I sit there alone for a few minutes, sipping my ale and letting my mind wander while waiting for whoever is drinking the mead to return. My thoughts eventually land on the ‘Mr. Turner’ the security guard at the building of my first death mentioned and I instinctively remove Britney’s phone from my pocket almost without even noticing.

The website for building lists a ‘Deane Turner’ as the owner. The man’s personal website describes him as a tech billionaire and lists a building downtown—a different skyscraper than the one I just visited as Rebecca—as the location of his personal office, as well as several others that he owns in the area. When I need to find him, I’ll look at his office first, and then branch out from there if I can’t find him.

After a minute on my phone, I feel eyes on the back of my head. Expecting one of the hunters, I slowly turn around, but I’m treated to a far-creepier and not at all unsurprising sight. Victoria was as much a regular as you could be in here without truly being one; Britney is new and beautiful and out of place and getting ogled at like there’s no tomorrow. That I’m one of only a handful of women in the entire bar isn’t helping either.

My cheeks tingle with embarrassment and I down the rest of my drink to take some of the edge off. This body is exhausting. All I want to do is look for Javier, but I can just feel that one or more of these men will walk up and try to talk to me.

Yes, okay, sometimes this place can be a little weird, I say as I watch a man come back to take Javier’s old seat between the two groups, but the people here don’t mean any harm. They just aren’t used to someone like me.

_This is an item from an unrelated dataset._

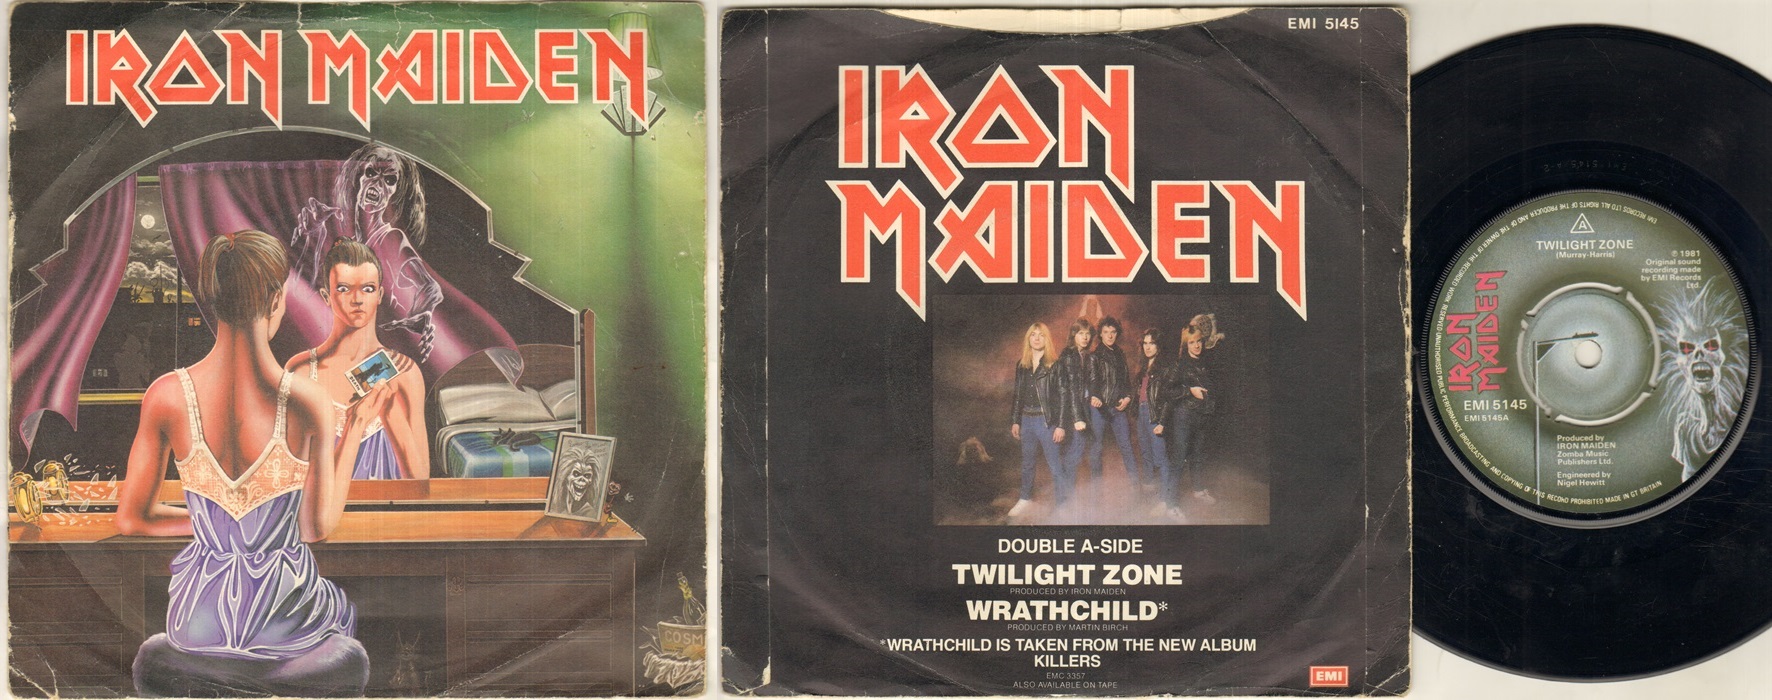 Iron Maiden Twilight Zone Records, LPs, Vinyl and CDs - MusicStack
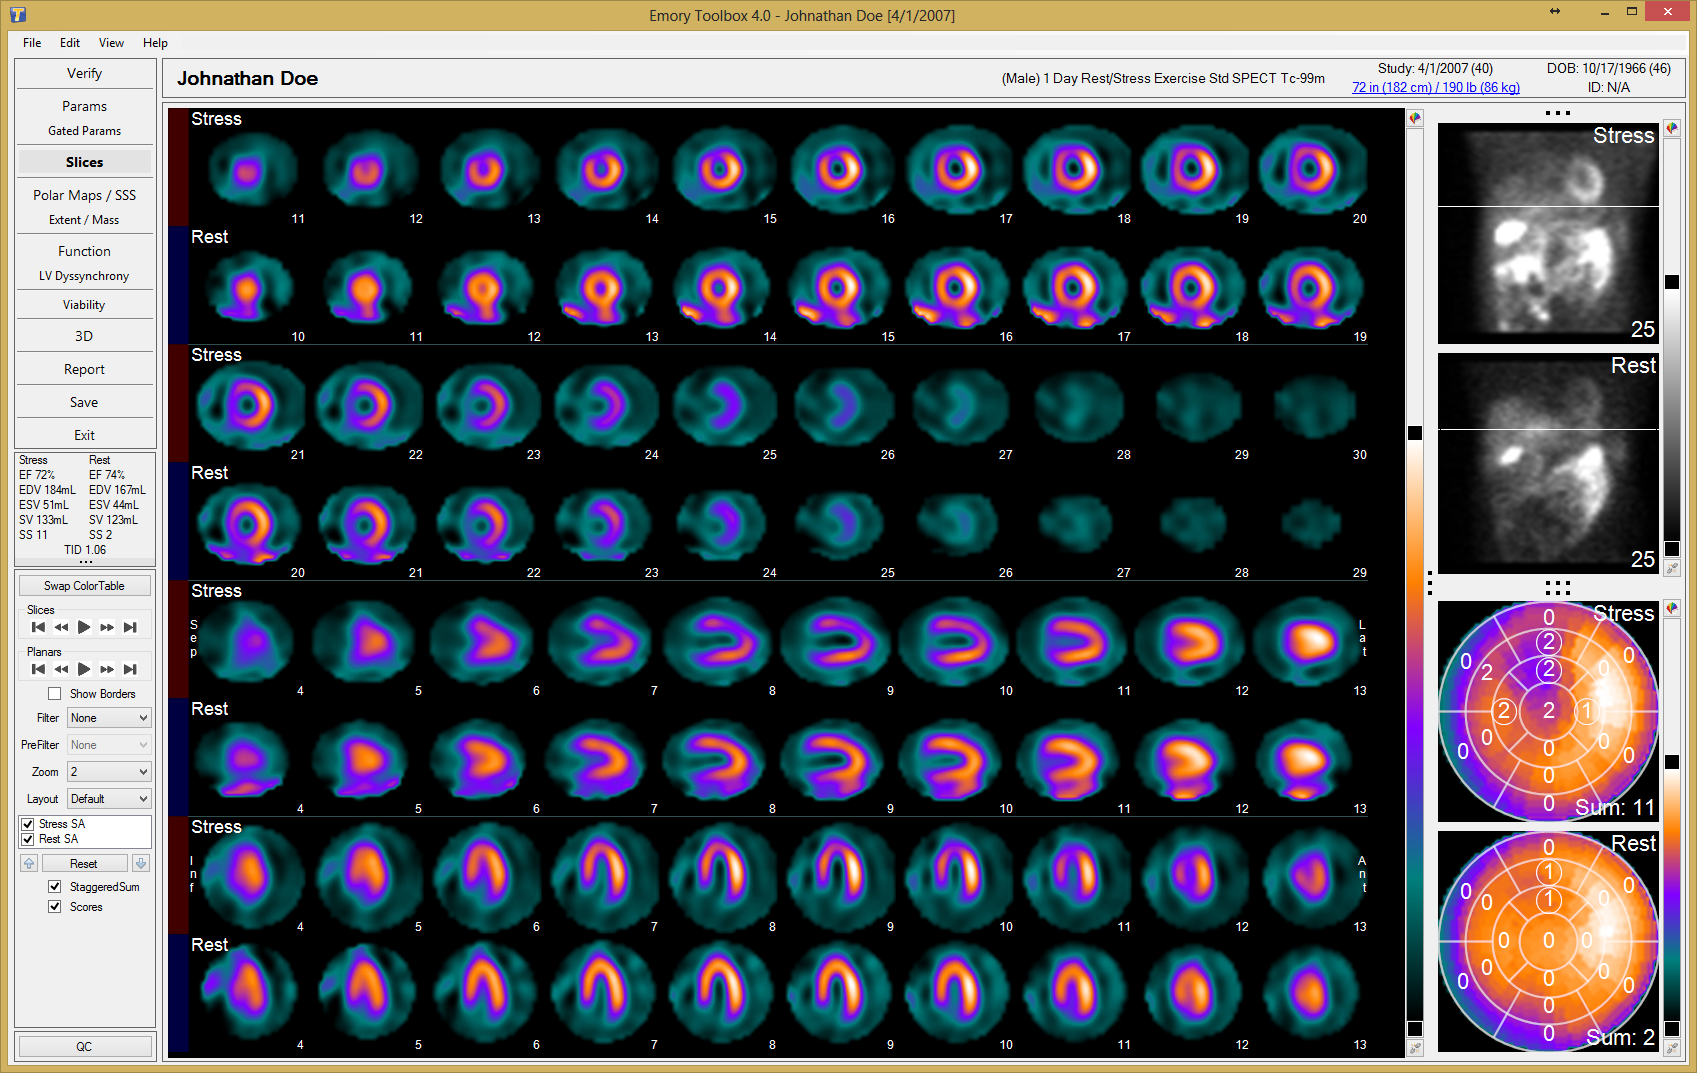 Syntermed's Emory Toolbox 4.0 decision support software shows a slices screen shot for a myocardial perfusion SPECT study.

The man in Javier’s seat is sloppy and rotund, wearing a plain, gray shirt that is about three sizes too small and a pair of sweats that are stretched so far that I’m surprised they’re holding together. He belches and adjusts himself without regard that other people might be watching before downing what’s left of the mead he left behind.

Is that him? Isabel asks.

Could be, judging by the fact that Javier was thin and in decent shape and this guy looks like he’s trying to wear children’s clothes.

I watch the man while waiting for one of the groups next to him to move. After ordering another cup of mead, he hunches over it like it’s some precious commodity he’s trying to protect. Meads are a dime a dozen in a place like this, so that can’t be the case, unless he’s Javier in a new body and is desperately trying to hold onto whatever he can that reminds him of himself. I can empathize with that.

The man in Javier’s seat says something under his breath. I can’t hear it because I’m too far away, but I can see his body move as though he’s conversing with someone. The man sitting next to him with his back turned, however, can hear what he’s saying, and glances uncomfortably over his shoulder before shaking his head at the rest of his group. A few moments later, the entire group grabs their belongings and makes their way toward the door.

I intercept them on the way out. “Is that seat taken?” I ask the man who was closest to Javier’s seat.

“It’s empty,” he says, “but that guy over there is a whack-job.”

The man in Javier’s seat glances at me when I sit. “Don’t worry, lady, I’m not going to try to talk to you,” he says with a heavy slur.

“Sure thing.”

“You do more than enough talking to yourself,” he mutters under his breath as he takes a sip of mead.

That would strike me as odd if I didn’t have two voices in my own head as well.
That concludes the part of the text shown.